Глава IV АМЬЕНСКИЙ МИР

Сколько женщин вознесли хвалу небесам, сколько женских сердец преисполнились счастья и благодарности, когда осенью 1801 года стало известно, что переговоры о мире закончены! Англия изливала свою радость в пляшущих на ветру флагах, в мерцающих в ночи огнях. Даже в Монаховом дубе мы вывесили флаги и в каждом окне выставили свечу, а над дверью гостиницы пылали на ветру две огромные буквы «G.R.»[3]. Люди устали от войны — ведь мы воевали уже восемь лет, то с Голландией, то с Испанией, то с Францией, то со всеми вместе. И за все эти годы мы узнали только одно: что наша небольшая сухопутная армия не может справиться с французами на суше, зато французам вовек не справиться с нашим большим флотом на море. Мы вновь обрели кое-какое уважение к себе, а это было особенно важно после того, что произошло в Америке; и у нас прибавилось колоний, которые по той же причине оказались нам очень кстати; но наш государственный долг продолжал расти, а консоли — падать, и в конце концов даже Питт ужаснулся. Однако, знай мы тогда, что между Наполеоном и нами миру не бывать и что это лишь конец одного раунда, а вовсе не всего матча, было бы куда разумнее не делать этого перерыва, а сражаться до конца. Теперь же Франция получила назад двадцать тысяч своих отборных моряков, и они задали нам жару этим своим Булонским лагерем и десантным флотом прежде, чем нам удалось снова взять их в плен.

Батюшка мой был человек плотный, сильный, хоть и небольшого роста, не очень широкоплечий, но сложен крепко и ладно.

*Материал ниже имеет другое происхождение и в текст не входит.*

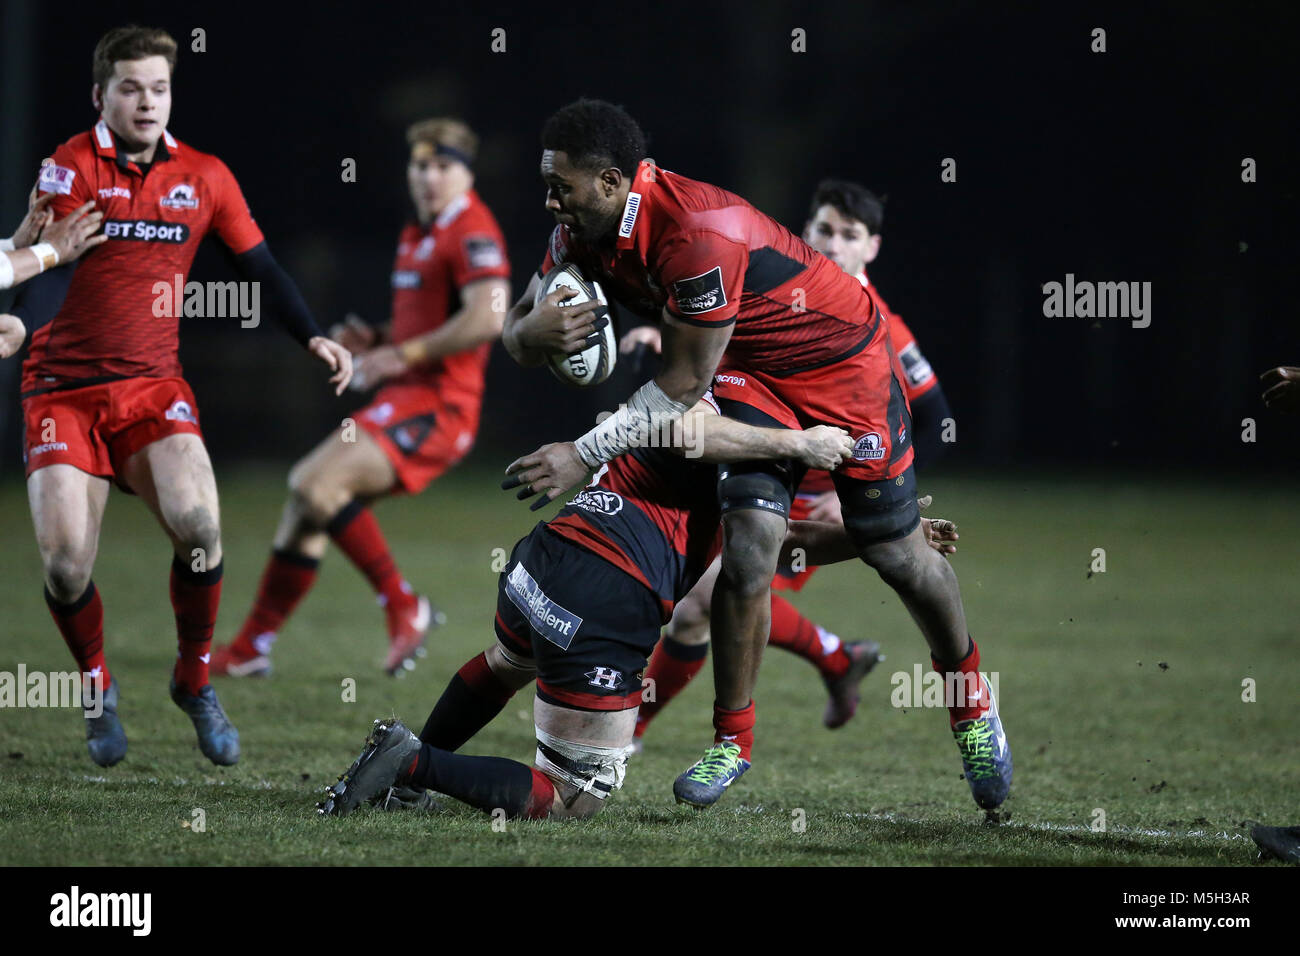 Bill Mata of Edinburgh rugby is tackled. Guinness Pro14 rugby match,  Dragons v Edinburgh Rugby at Eugene Cross Park in Ebbw Vale. Andrew  Orchard/Alamy Live News Stock Photo - Alamy

Лицо его, красное от загара, блестело, и, хотя в ту пору ему сравнялось лишь сорок лет, оно было все иссечено морщинами, которые при малейшем волнении обозначались резче, так что он в один миг превращался из моложавого человека чуть ли не в старика. Особенно много морщинок было у глаз, да это и понятно: ведь он всю жизнь щурился из-за ветра и непогоды. Глаза у него были удивительные — ясные, очень голубые и на обветренном докрасна лице казались особенно яркими. От природы кожа у него была, вероятно, белая, ибо верхняя часть лба, обычно закрытая шляпой, была совсем такая же, как у меня, а коротко подстриженные волосы — рыжевато-каштановые.

Он с гордостью говорил, что служил на корабле, который последним покинул воды Средиземного моря в девяносто седьмом году и первым вошел в них в девяносто восьмом. Когда наш флот, точно свора гончих, ринулся из Сицилии в Сирию и обратно в Неаполь, пытаясь найти потерянный след, мой отец служил третьим помощником на «Тезее», которым командовал Миллер. Вместе с тем же боевым капитаном он сражался на Ниле, и там его команда стреляла, таранила, дралась до тех пор, пока не опустился последний трехцветный флаг, и тогда они подняли запасный якорь и прямо у кабестана повалились друг на друга и заснули мертвым сном. Потом, уже вторым помощником на одном из тех грозных трехпалубников с почерневшими от пороха бортами и красными полосами под шпигатами, чьи рассевшиеся корпуса не рассыпались только потому, что были стянуты канатами, он вернулся в Неаполитанский залив и принес туда весть о победе на Ниле. Оттуда, в награду за верную службу, его перевели первым помощником на фрегат «Аврора», который блокировал Геную, и на этом корабле он служил до тех пор, пока наконец не был заключен мир.

Как хорошо я помню его возвращение домой! С тех пор прошло уже сорок восемь лет, но я вижу это яснее, чем события прошлой недели, — ведь память старика подобна подзорной трубе, которая отлично показывает все, что находится далеко, и затуманивает все, что вблизи.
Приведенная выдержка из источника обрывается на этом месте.